Acne Information

For every acne sufferer, understanding the causes of acne and the mechanism by which it damages skin is an important step along the path towards controlling acne. All too often, acne sufferers get bogged down in the medical minutiae, whilst completely failing to grasp the essential bits of acne information required to manage and treat their own condition effectively.

Too Much Acne Information?

Acne sufferers seldom complain that there is a lack of information about acne. There are dermatology books, general medical books, acne pamphlets and acne websites galore. The real problem is that most sources of acne information are written by dermatologists for other dermatologists, or for general practitioners and medical students. For ordinary mortals, trying to make sense of medical tracts is about as easy as wading through waist-high treacle. It may be tempting for acne sufferers to rush round to the nearest medical bookshop and buy the biggest and most expensive textbook about acne available on the shelves. Please don't, for that is a path which leads to heartache and despair.
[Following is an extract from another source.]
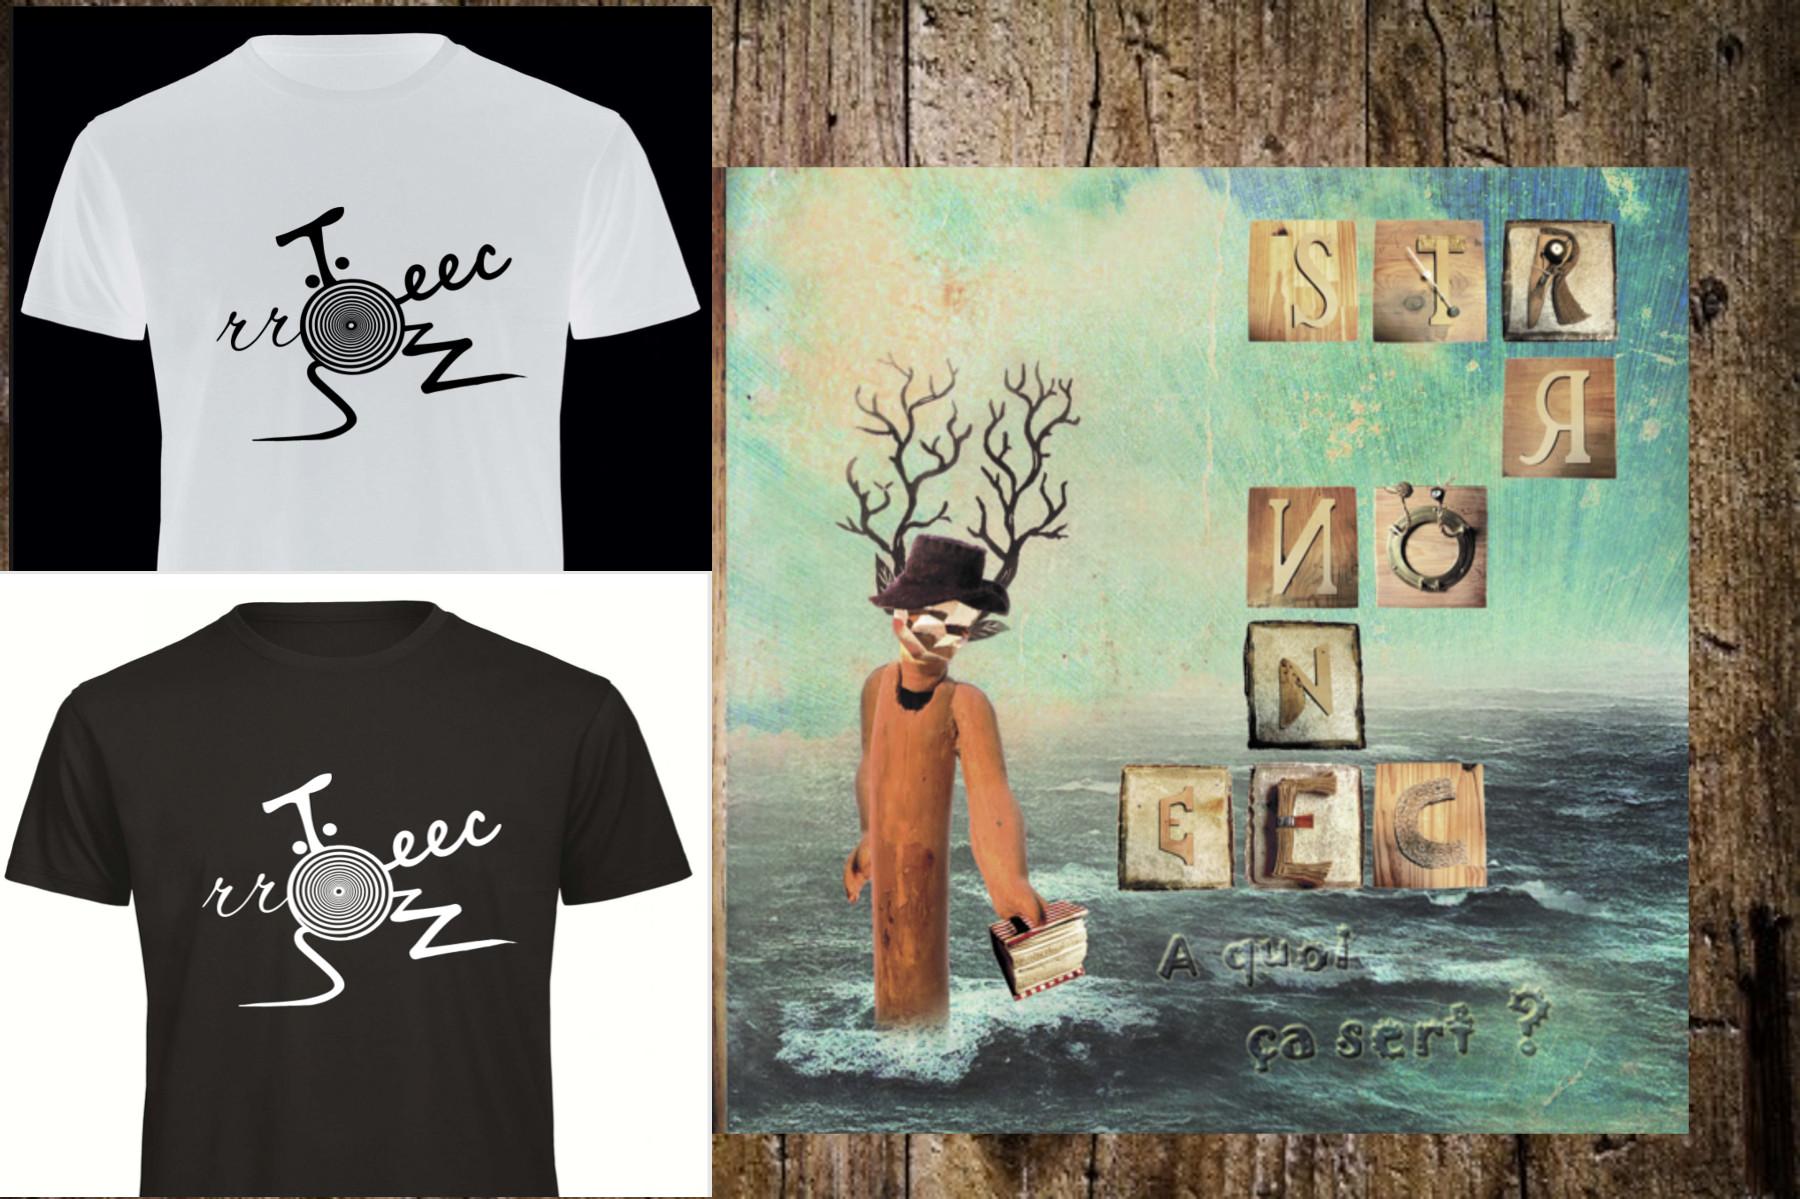 cd+_tee-shirt-1533519006.jpg

Avoid Dermatology Textbooks

It may seem strange that someone extolling the benefits of understanding acne should be advising acne sufferers to avoid the primary source of acne information. The following short extract should illustrate some of the dangers of reading dermatology textbooks.

Acne may thus be considered to be due to cohesive hyperkeratinization of the lower part of the hair follicle. Cytoplasmic organelles called membrane coating granules which appear to contain hydrolytic enzymes are necessary for the normal desquamation of keratin, and these granules are known to be sparse in comedones experimentally induced by the application of free fatty acids.

This piece was taken not from an specialist acne textbook, but from an introduction to dermatology written for medical students. To someone who understands medical speak it is perfectly clear and understandable, but the general reader is likely to be left feeling dazed and confused. Worse still, dermatology textbooks are extravagantly illustrated with pictures of acne. Not just the pictures of the type of acne you or I might suffer from, but of the very severest cases of acne and of the rarest and worst types of acne complications. Avoid acne textbooks and you avoid the risk of being left dazed, confused and terrified.

Demystifying Acne

The role of the Acne Control site is to bridge the gap between the complex medical information about acne required by doctors and the sort of information that it is important for an individual acne sufferer to know. Its something akin to a medical translation and abstraction service, separating the acne facts from the acne myths, the wheat from the chaff, in order to present essential acne information in a form which acne sufferers will find clear and easy to digest.

Medical Terminology

It would be tempting to think you could write an explanation of acne without using any medical terminology, but sadly many acne related terms carry a precise medical meaning which ordinary language has difficulty conveying. In the same way that eskimos have over 30 different words for snow of different types, so dermatologists have so many different words for types of spots - papules, pustules, comedones, blackheads, whiteheads etc. - that they never feel the need, as you or I might, to refer to then simply as zits. Whenever Acne Control introduces an exotic medical term, its meaning will be explained either directly in the accompanying text or via a link to the glossary of acne terms.

Understanding Acne

The aim of the acne information section of the site is not to overburden you with information about acne, but to provide sufficient information to allow an real understanding of acne. The two questions critical to an acne sufferer's understanding of their condition are What is acne? and What causes acne? Understand these two key aspects of acne and you are well placed to tackle other more complex issues relating to acne care and to make important decisions about your own acne treatment.